The third type is the evil OEM brand, or better yet, the no name brand. Whatever you do, DO NOT, I repeat, DO NOT get fooled into buying this brand of RAM. It can be really attractive (price wise) but performance, compatibility, and warranty – just simply not worth the trouble of testing and returning it to the store.

Next, you have to decide how much RAM you’ll need. To be quite honest, 512MB of RAM should be the minimum to consider (not recommended). If you need something better, consider getting 1GB (my own personal minimum recommendation), or even 2GB (which is really great). Now if you want POWER, then just buy yourself 2 1GB DDR II 667MHz or 800MHz RAM.

Hard Drive. What’s really great about these is that nowadays you can get large drives for really low prices. If you shop around, you can easily get an 80GB hard drive for RM135 or under (these prices keep on going down all the time).

As your shopping for a hard drive, you’ll probably see a whole bunch of different brands. After all, the data on your hard drive is very important, and loosing it is not an option. So spending an extra RM10 for the good brand name is essential when it comes to hard drives.

Monitor. Out of all the items listed, the monitor will probably cost you the most (if you buy LCD). There isn’t much I can really recommend for monitors, except make sure you get something with a warranty.

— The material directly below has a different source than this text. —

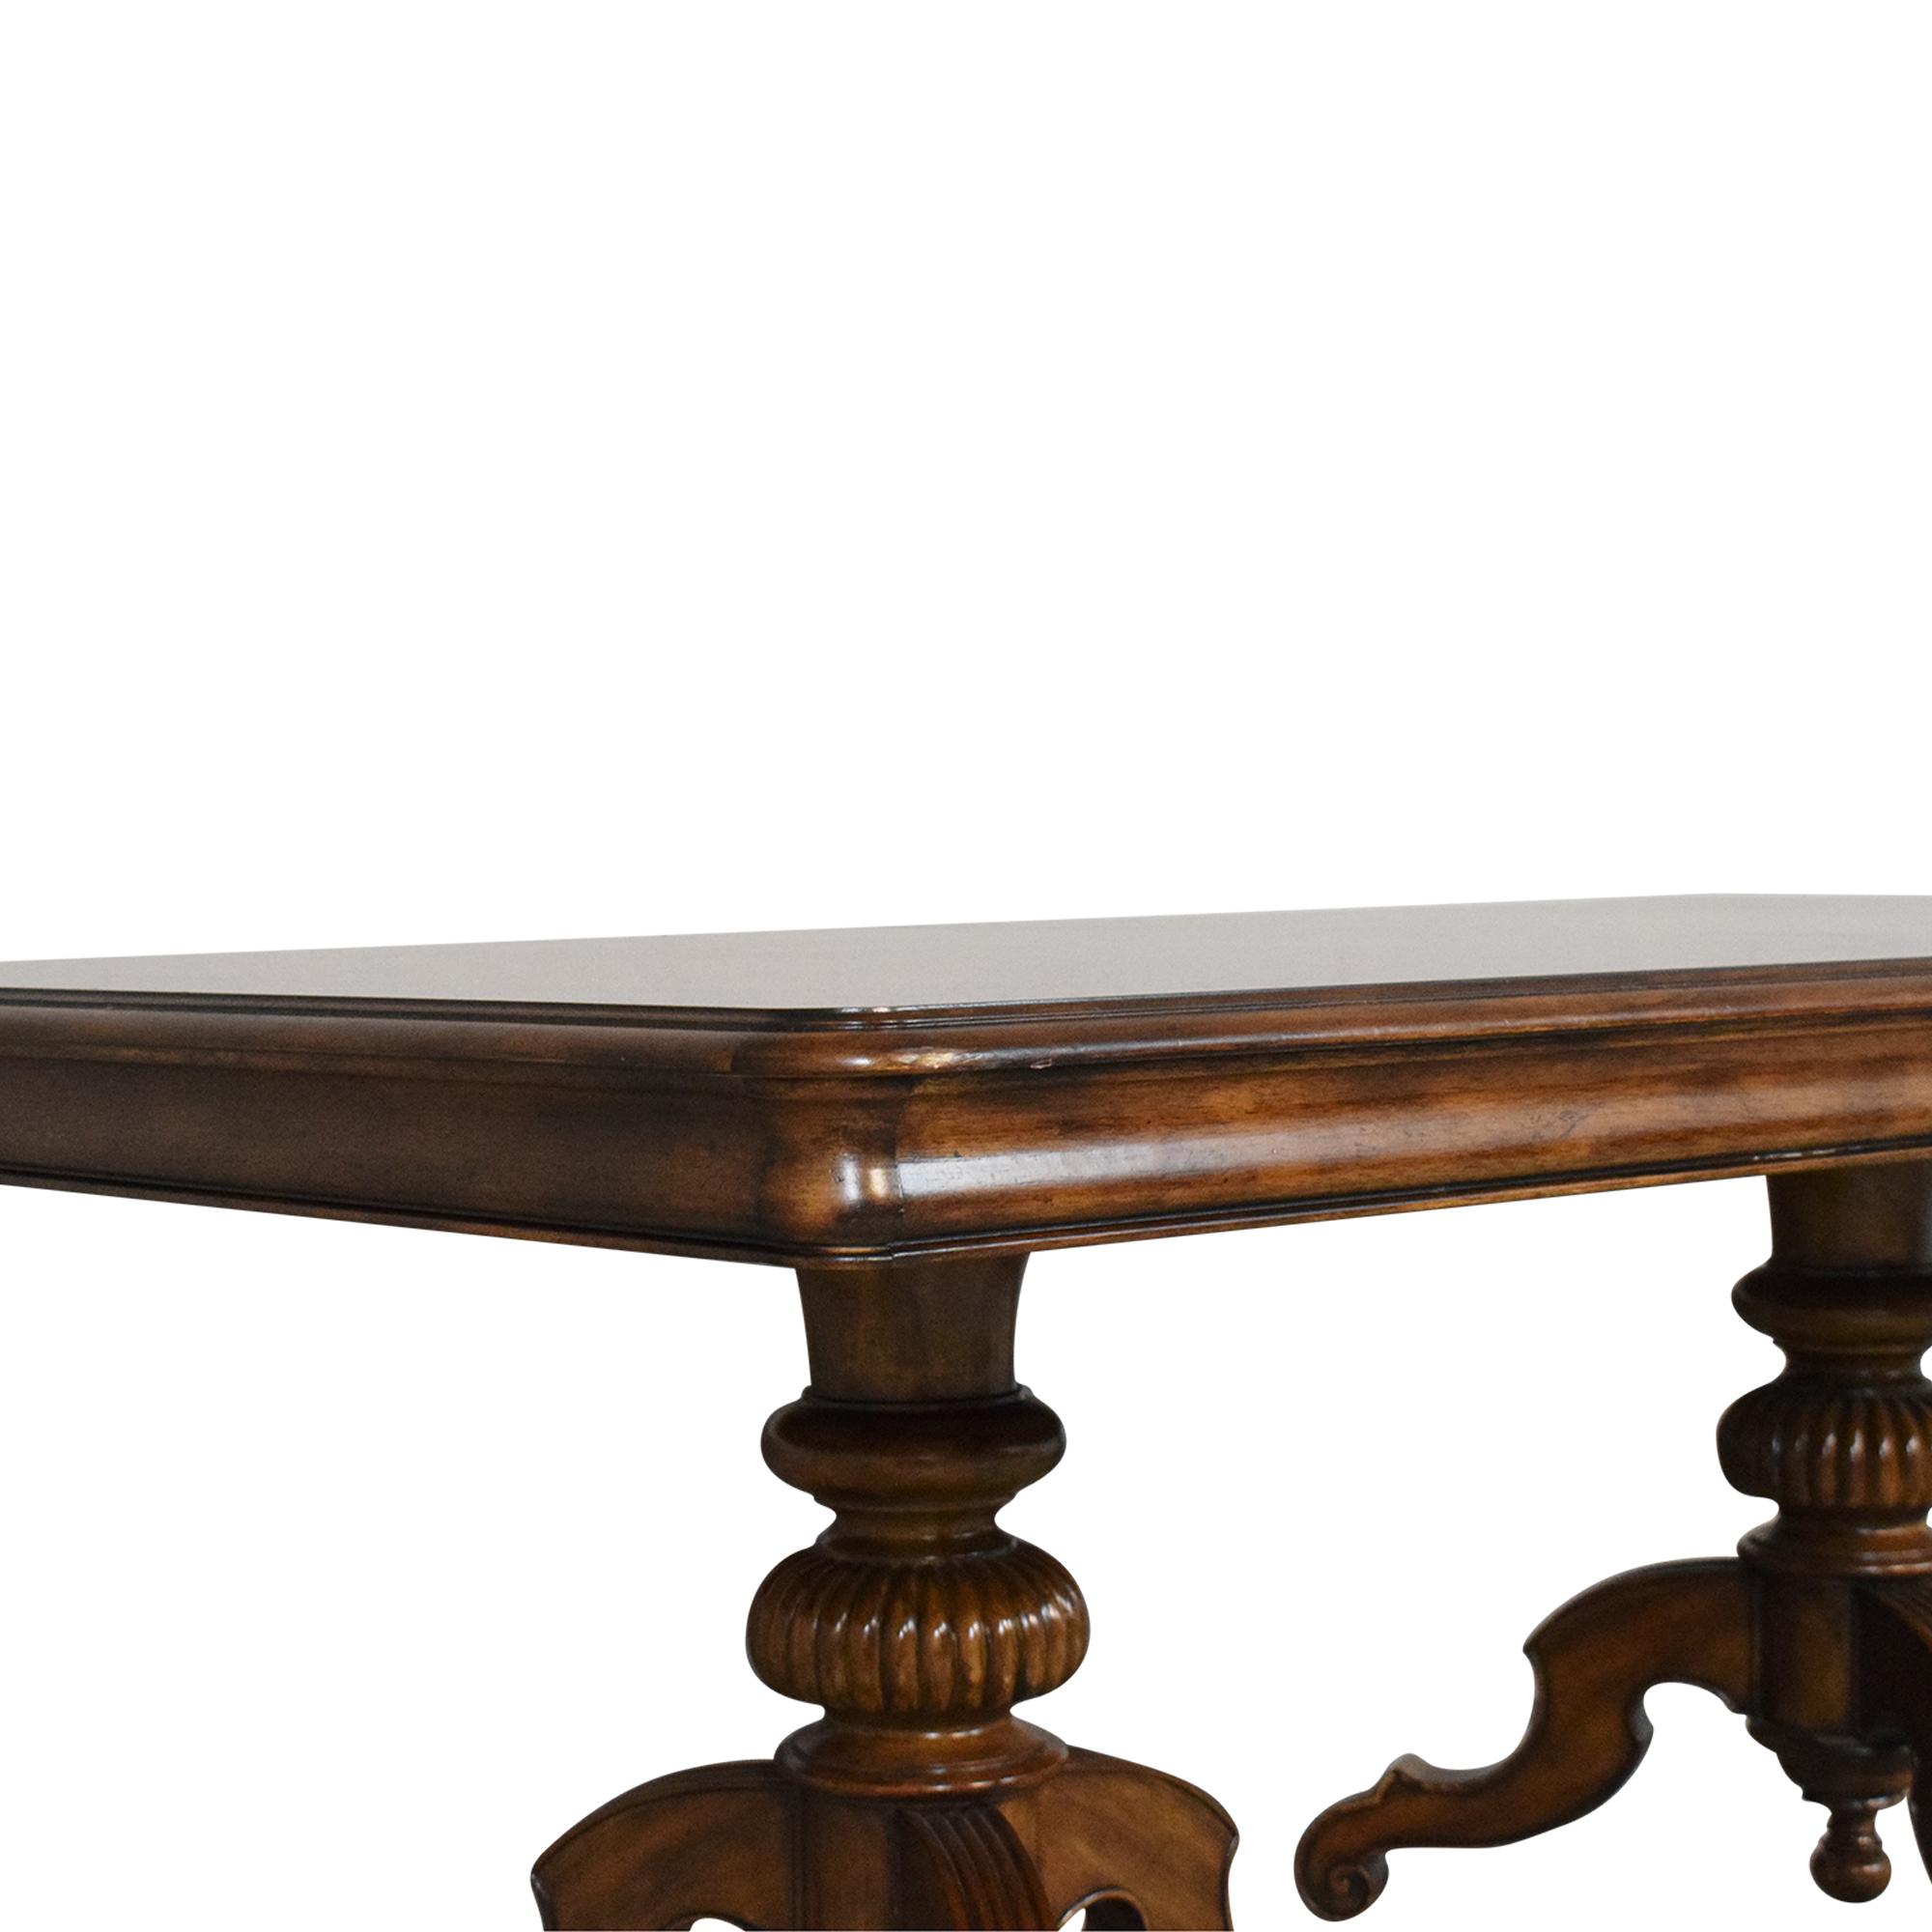 buy Thomasville Ernest Hemingway Castillian Double Pedestal Dining Table Thomasville Dinner Tables

If you really want to get fancy (and spend allot more money) you can get the LCD monitors. Also, if you’re like me and you have your eyes glued to your computer monitor for long periods of time, consider getting a LCD monitor. These run for about RM450 to RM1600. If you still have good eyesight, then I suggest you get one of these before you go blind ;-). Besides that, you can save a lot of space!

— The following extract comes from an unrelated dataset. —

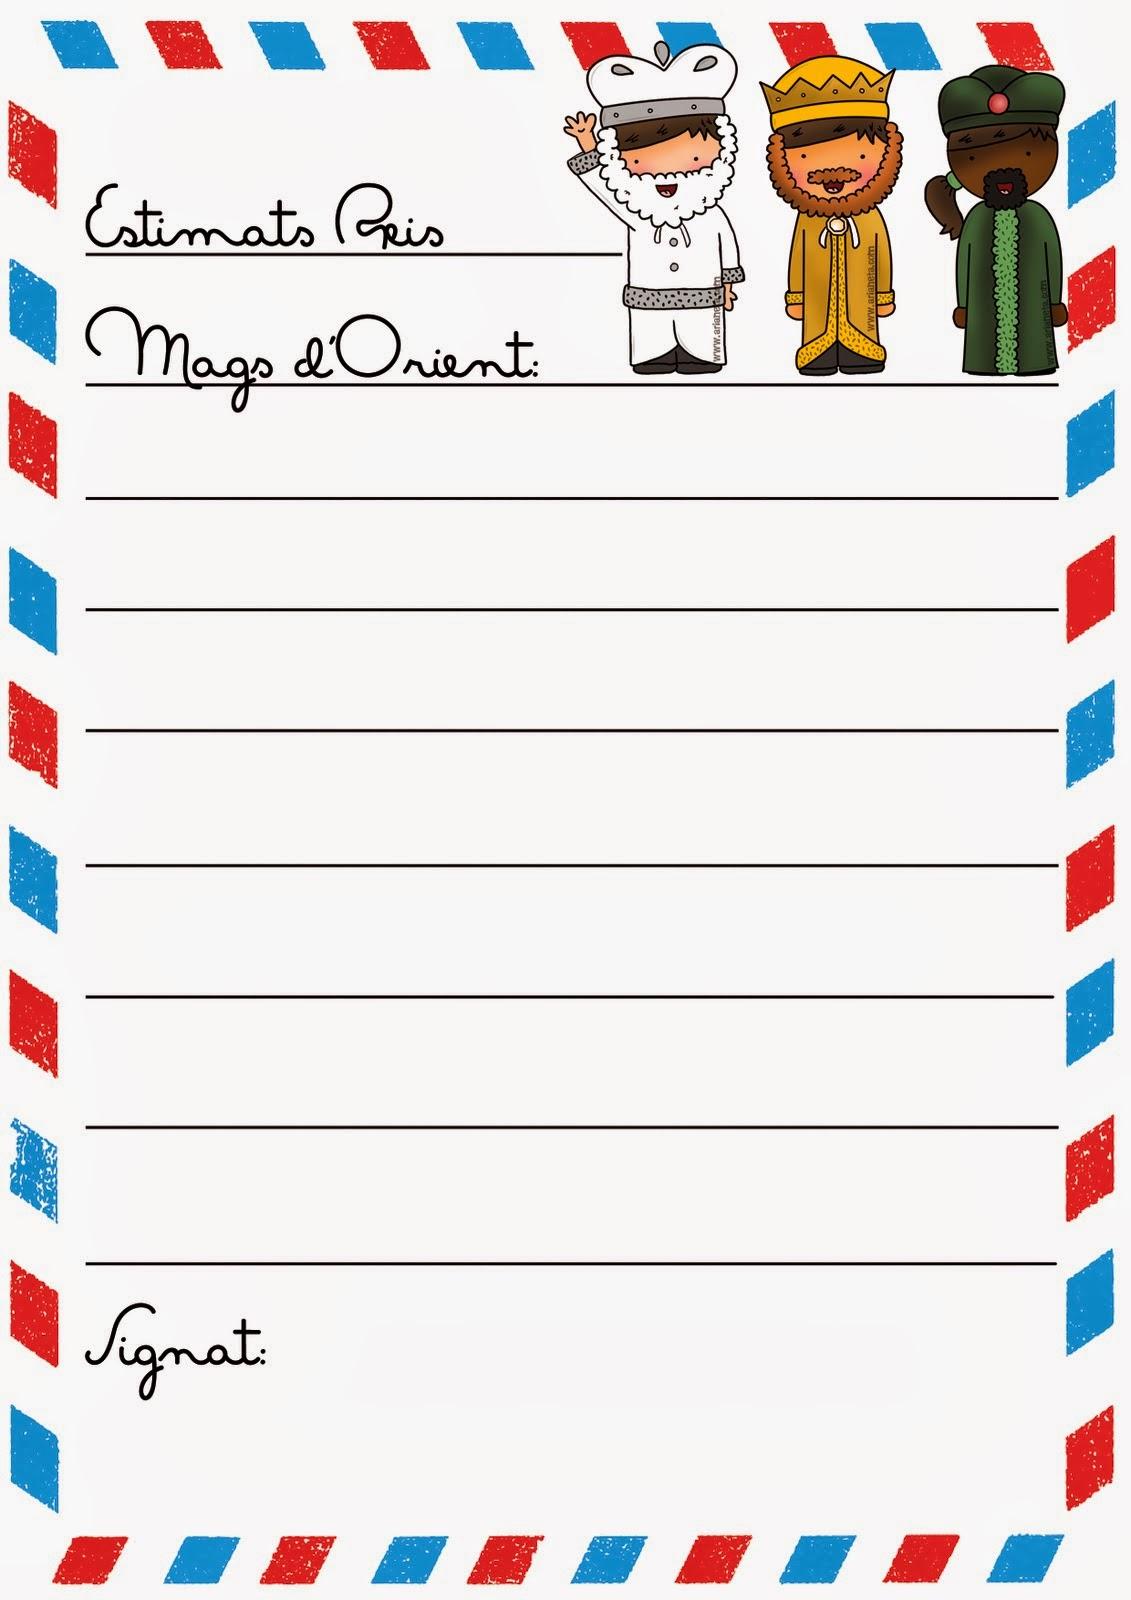 Worksheet. 2 PRIMARIA SAN AGUSTIN PALMA 201415 Carta a los Reyes Magos de

Graphic Card. Another main essential part of your computer system, the video card is a must. Without it (unless you have video inbuilt on your motherboard) you won’t really be able to use your newly built PC.

Now the tough question is what type of video card you need.

  1. 128MB 64Bits PCIE video card. This is your basic card (which I personally refer to as obsolete). While you won’t really feel much power if you work with graphics, and you really won’t be able to play allot of the newer graphical intense video games, a 128MB PCIE video card is perfect for just regular Internet usage and application and light games and other low graphic usage software. They are also really cheap.
  2. 256MB 128Bits PCIE video card. This is your better alternative to enhanced graphic usage and video gaming. These cards perform quite well for graphic work and can really stand up within video games.
  3. 512MB 256Bits PCIE video card. These types of cards are slowly becoming the standard in all newer computers now. Basically this is what you need if you want to experience video gaming and enhanced video and graphical work. Unfortunately the price tag for these types of cards is rarely under RM 300

Keyboard & Mouse. This is really a no “brainer” category. You should just get a regular keyboard, and not worry about the fancy keyboards or wireless.

If you’re building a new computer for your kids, you may want to get one of those keyboards made just for kids. They’re really great and easy to use for the younger child.

As for the mouse, stick with optical mouse. You don’t need to spend RM100 on a mouse. RM15 to RM30 should get you something good, solid and with a good looks.

Optical Drive. It’s quite simple. Don’t get anything less than a 52x speed drive, and don’t get the bargain DVD drives if your kid’s use the computer allot. Also, you may consider getting yourself a DVD-Writer.